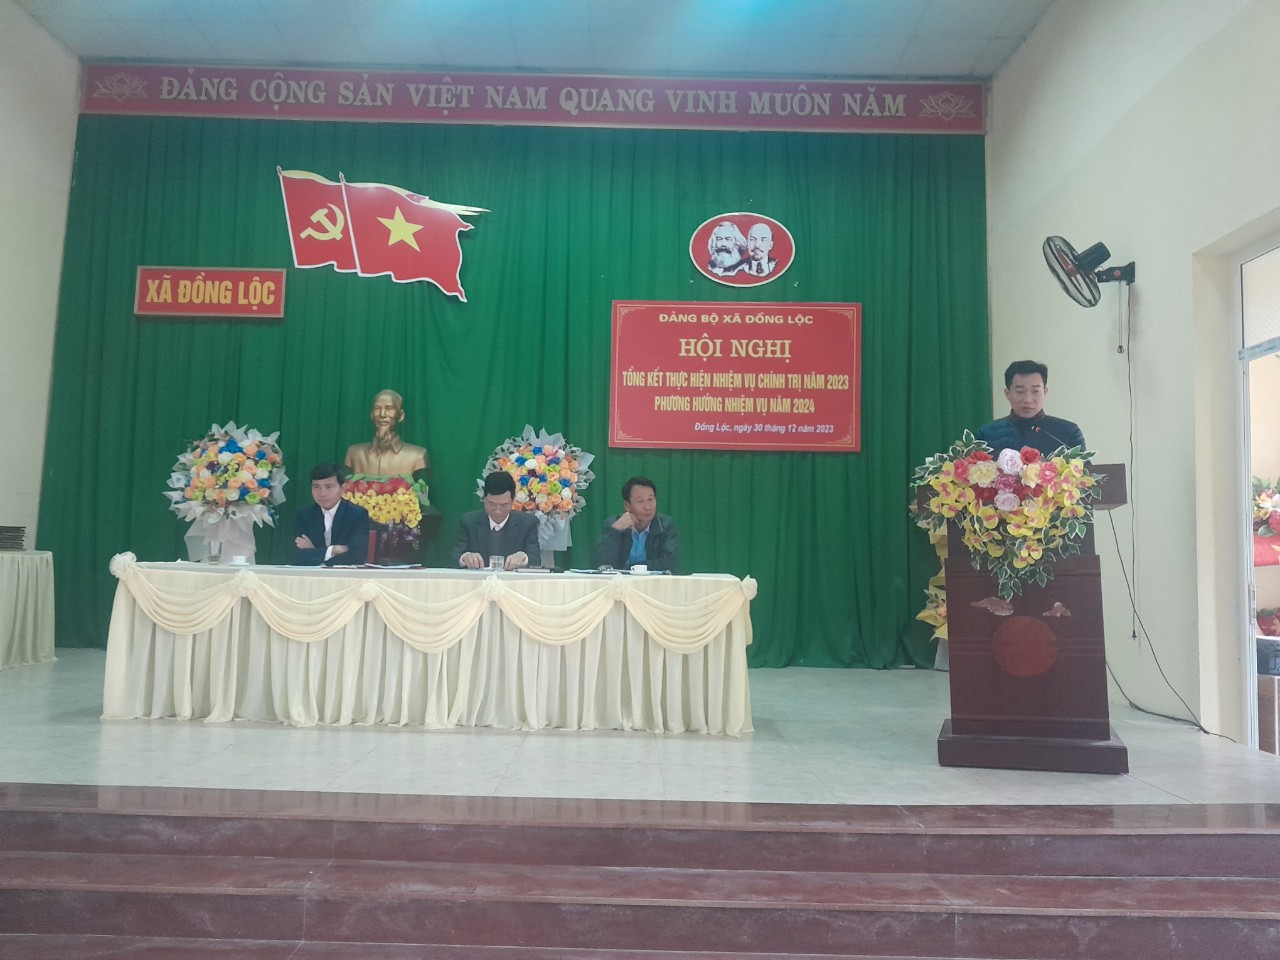 Đảng bộ xã Đồng Lộc Tổng kết công tác lãnh đạo, chỉ đạo năm 2023, phương hướng, nhiệm vụ năm 2024
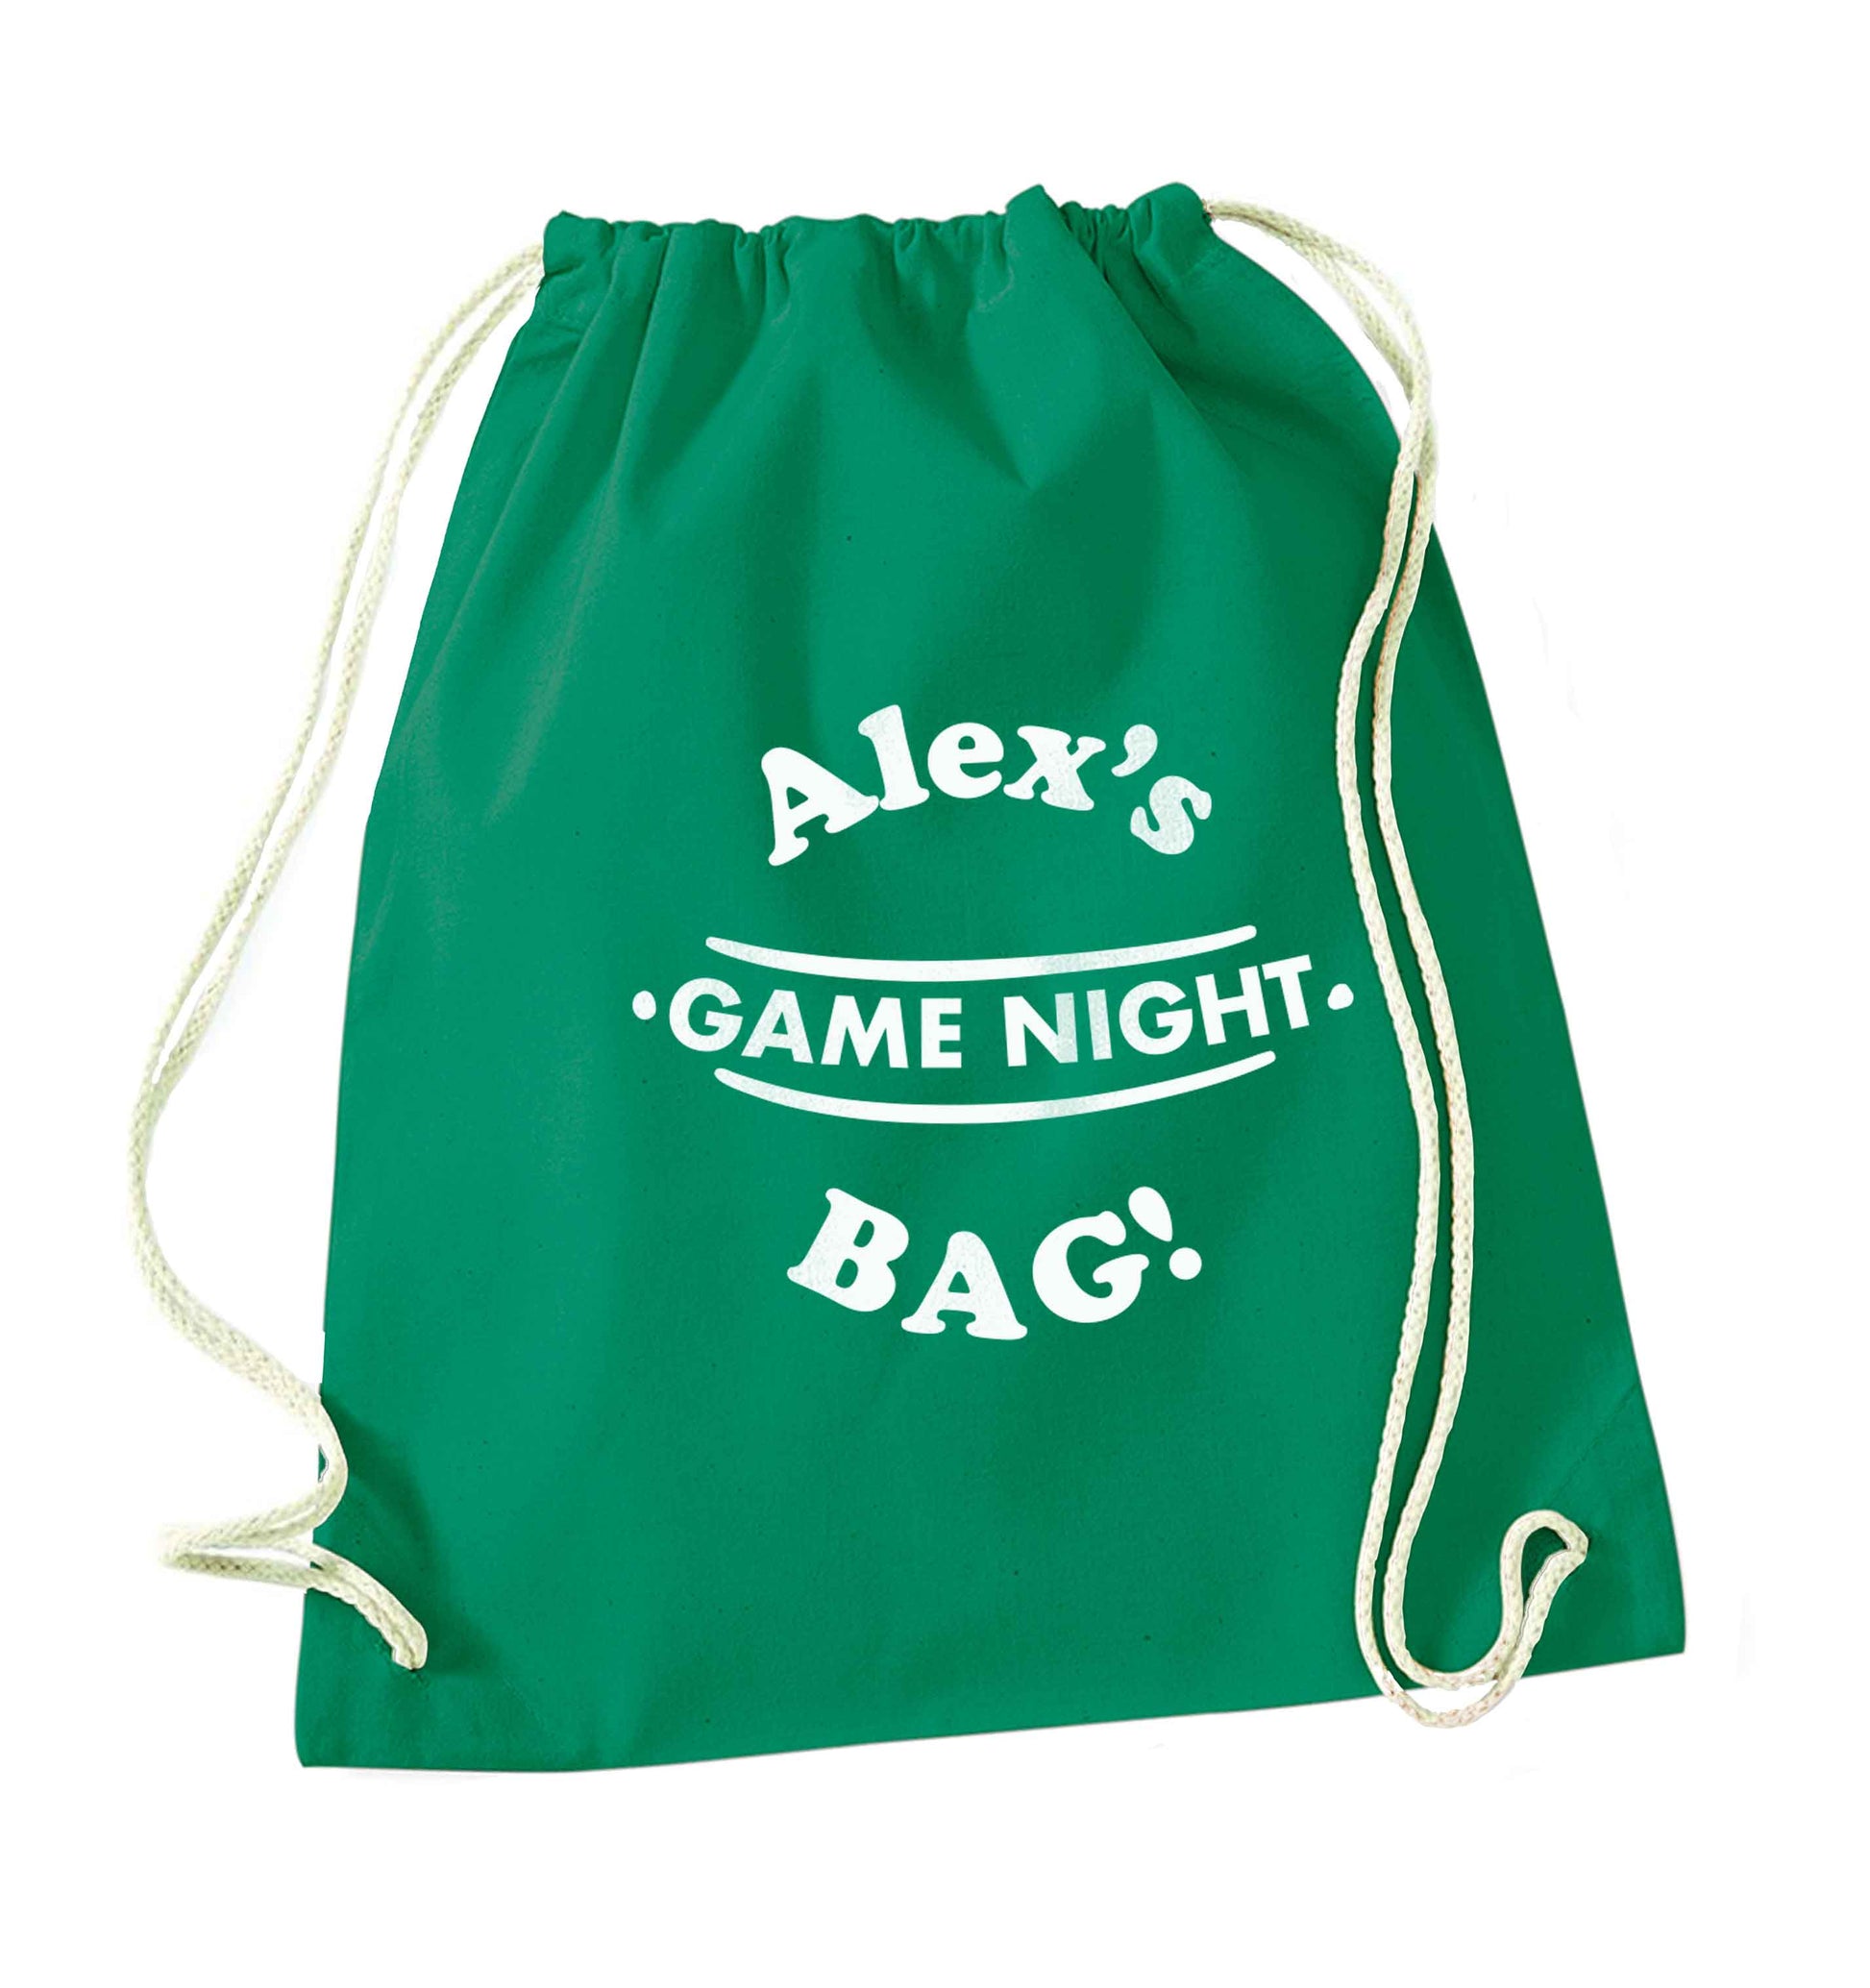 Personalised game night bag green drawstring bag
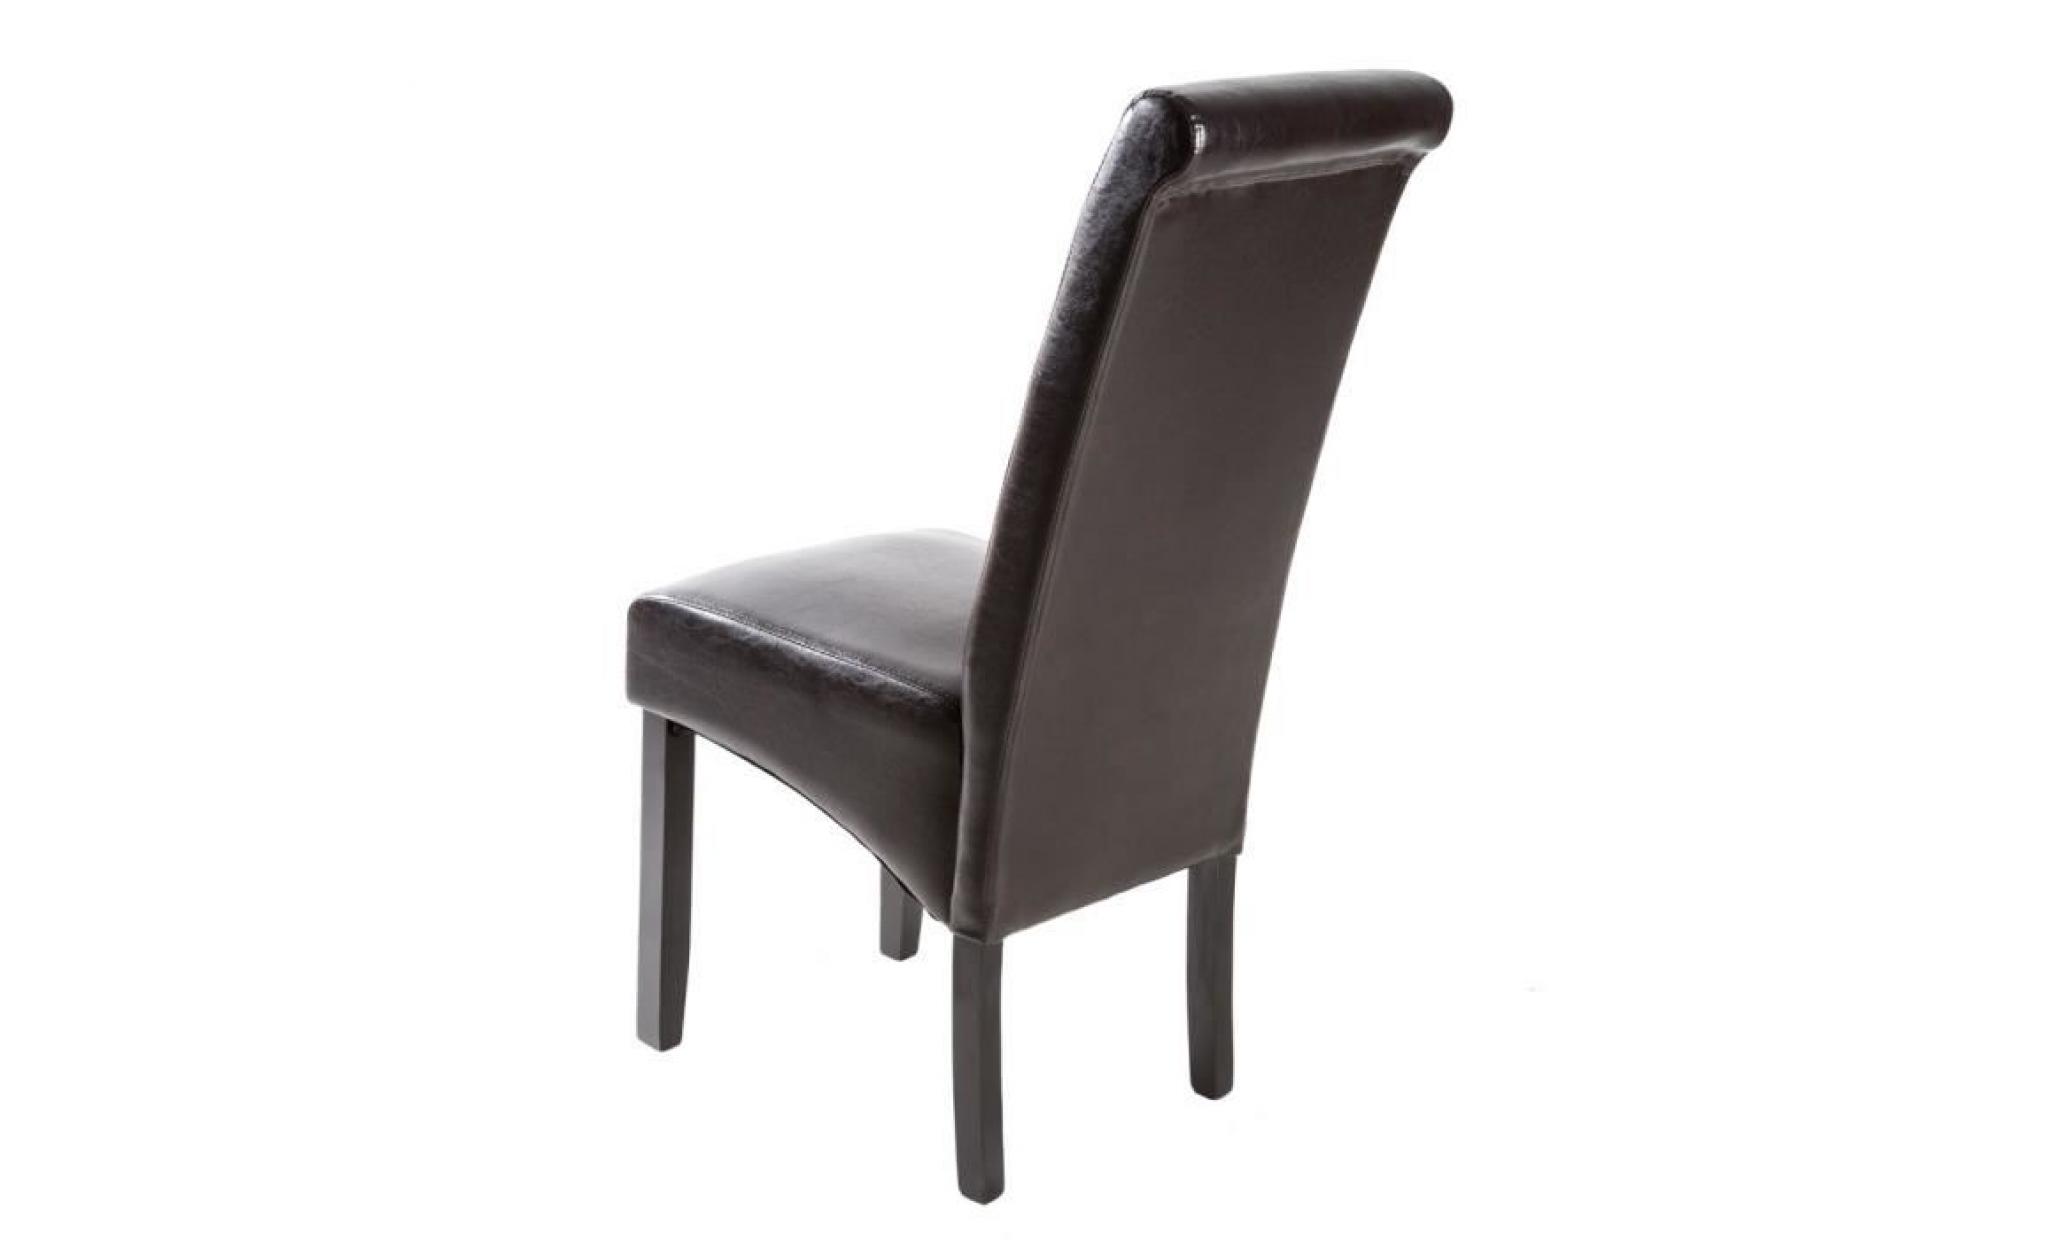 Chaise de salle à manger design 105 cm Marron, Chaise de Salon, Meuble de salon, Mobilier de Salon TECTAKE pas cher

#### Goal of the exercise:
All the lines above need to be repeated exactly, with no pictures carried over.

#### Output of the exercise:
 Đảng bộ xã Đồng Lộc Tổng kết công tác lãnh đạo, chỉ đạo năm 2023, phương hướng, nhiệm vụ năm 2024
 Personalised game night bag green drawstring bag
 Chaise de salle à manger design 105 cm Marron, Chaise de Salon, Meuble de salon, Mobilier de Salon TECTAKE pas cher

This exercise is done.